Population Size

Population size is the number of individuals in a population, but in evolutionary biology and population genetics, the number that matters is rarely the number you can count. The census count — the total number of living individuals — overestimates the genetic and evolutionary capacity of most populations because not all individuals reproduce, and not all reproduce equally. What drives genetic drift, natural selection, and the accumulation of deleterious mutations is the breeding population: the subset of individuals that actually contribute offspring to the next generation.

The distinction between census population size (N) and effective population size (N_e) is one of the most consequential scale shifts in evolutionary theory. A population of 10,000 individuals where only 100 breed has an effective size closer to 100 than to 10,000. Variance in reproductive success, sex ratio imbalance, and non-random mating all reduce N_e below N. For predicting allele frequency changes, fixation probabilities, and the rate of drift, N_e is the operative number.

This discrepancy is not a statistical quirk. It is a structural feature of sexual populations. In most species, reproductive success follows a highly skewed distribution: a small fraction of individuals produce most of the offspring. The result is that the evolutionary dynamics of a population are governed by a much smaller effective pool than headcounts suggest. Conservation geneticists who use census numbers to assess genetic viability routinely overestimate the resilience of endangered populations.

Population size determines which evolutionary forces dominate. In large populations, natural selection is efficient: advantageous alleles spread rapidly, and deleterious alleles are purged. In small populations, genetic drift dominates: random sampling error in reproduction can fix even mildly deleterious alleles, and advantageous alleles can be lost by chance. The nearly neutral theory of molecular evolution formalizes this: the boundary between "selected" and "neutral" variants is not a property of the variant alone but a function of population size. A slightly deleterious mutation that is efficiently removed in a population of millions may drift to fixation in a population of hundreds.

The interaction between population size and Muller's ratchet is particularly severe for asexual populations. Without recombination to restore the least-loaded class, small asexual populations accumulate deleterious mutations irreversibly. The speed of the ratchet depends directly on effective population size: smaller populations click faster. This is why asexual lineages in nature are typically found at large population sizes — the small ones have gone extinct.

A population bottleneck is a drastic reduction in population size — often caused by disease, climate catastrophe, or habitat fragmentation — that strips genetic diversity and leaves the surviving population vulnerable to inbreeding depression and drift. Bottlenecks illustrate the nonlinearity of population size effects: a brief period at very low size can alter allele frequencies more dramatically than prolonged moderate size, because rare alleles are lost stochastically and cannot be recovered except by mutation or migration.

The founder effect is a special case of bottleneck: when a small number of individuals colonize a new habitat, they carry only a sample of the source population's genetic variation. This sampling error can produce rapid phenotypic divergence even without directional selection, because the founders happen to carry unusual allele frequencies. The evolutionary history of many island species — and of human populations after out-of-Africa migration — is shaped by founder effects.

The traditional framework treats population size as a fixed ecological parameter. But in systems where evolution is artificially accelerated or compressed, population size becomes a design variable. In evolutionary computation, researchers manipulate effective population size through selection pressure and elitism to control the trade-off between exploration and exploitation.

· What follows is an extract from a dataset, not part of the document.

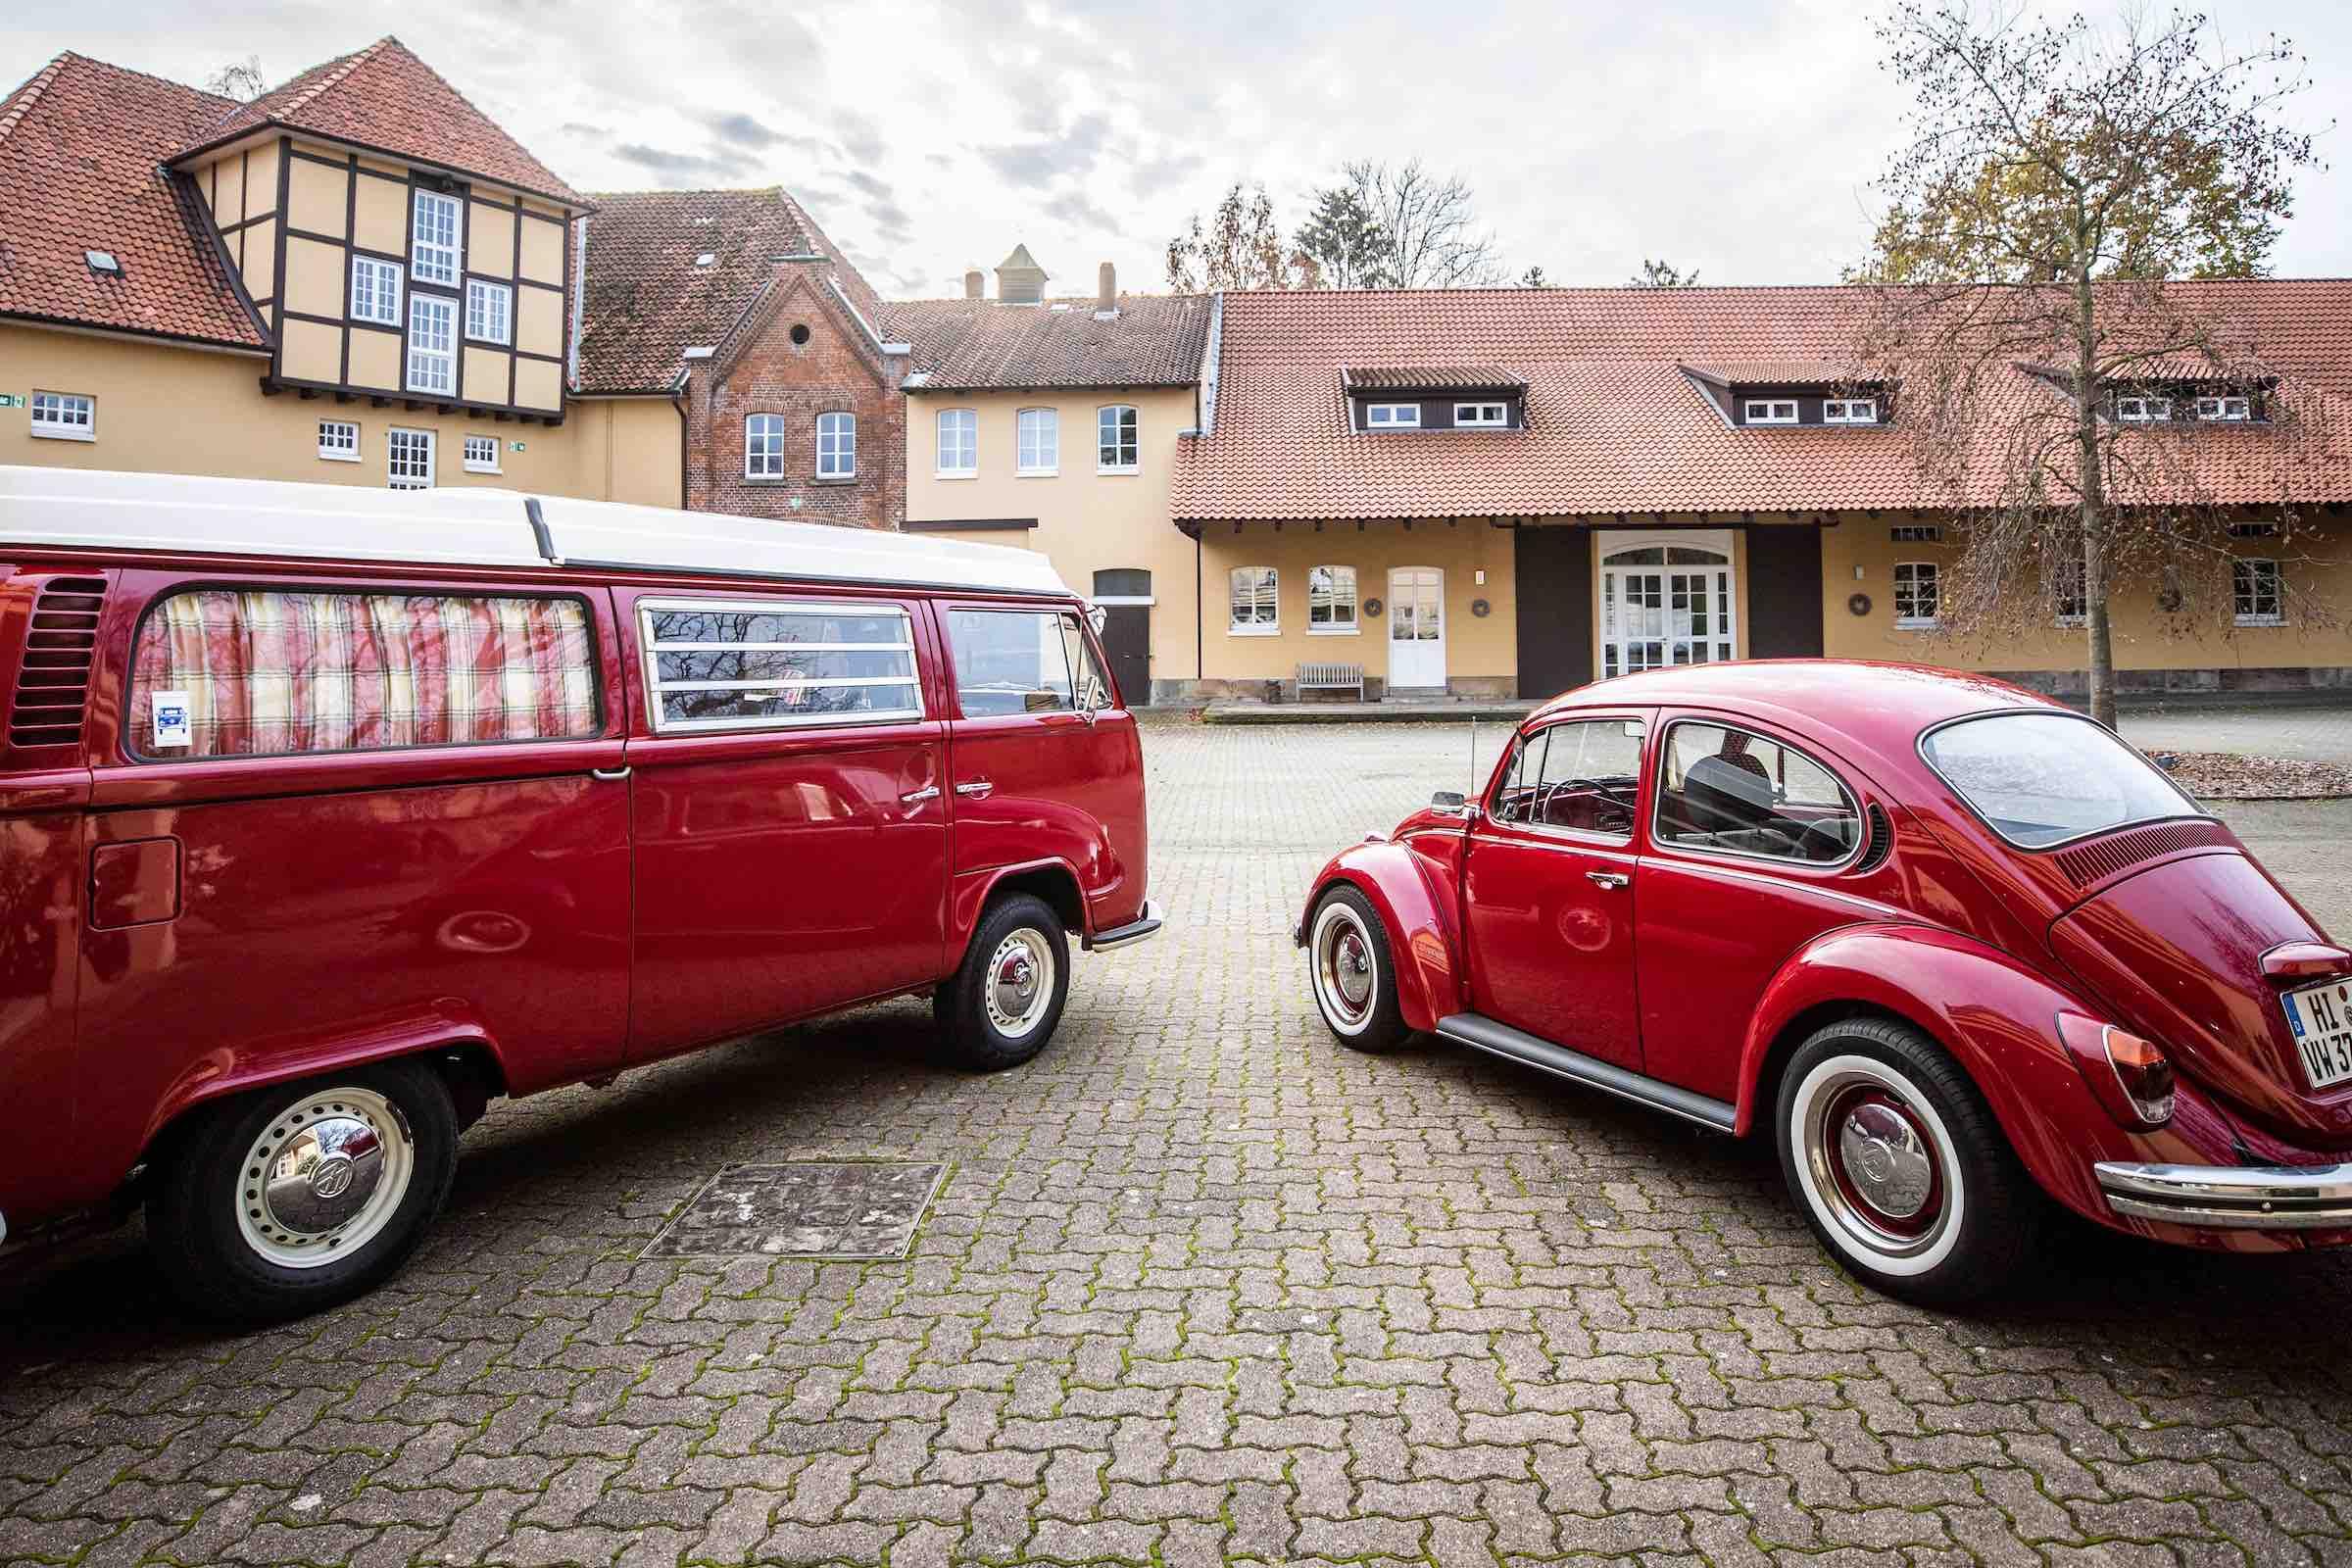 Hochzeitsauto | Oldtimer | Hochzeit | Auto | Hochzeit | Brautwagen | VW | Käfer | VW | T1 | T2 | T3 | Brautauto | Event | Fahrzeuge | Mieten | Buchen | Anfragen | Hannover

The deeper systems-theoretic point: population size is not merely a demographic fact. It is a control parameter that determines the phase of evolutionary dynamics. Below a critical size, drift dominates and populations lose adaptation. Above a critical size, selection dominates and populations can maintain complex traits. The transition between these regimes is a scale boundary in the literal sense: the same population, described at different scales, exhibits qualitatively different evolutionary behavior.

Population size is the thermostat of evolution. Turn it down, and randomness freezes adaptation in place. Turn it up, and selection burns away everything that is not fit. The mistake is to treat it as a background condition rather than the central dial.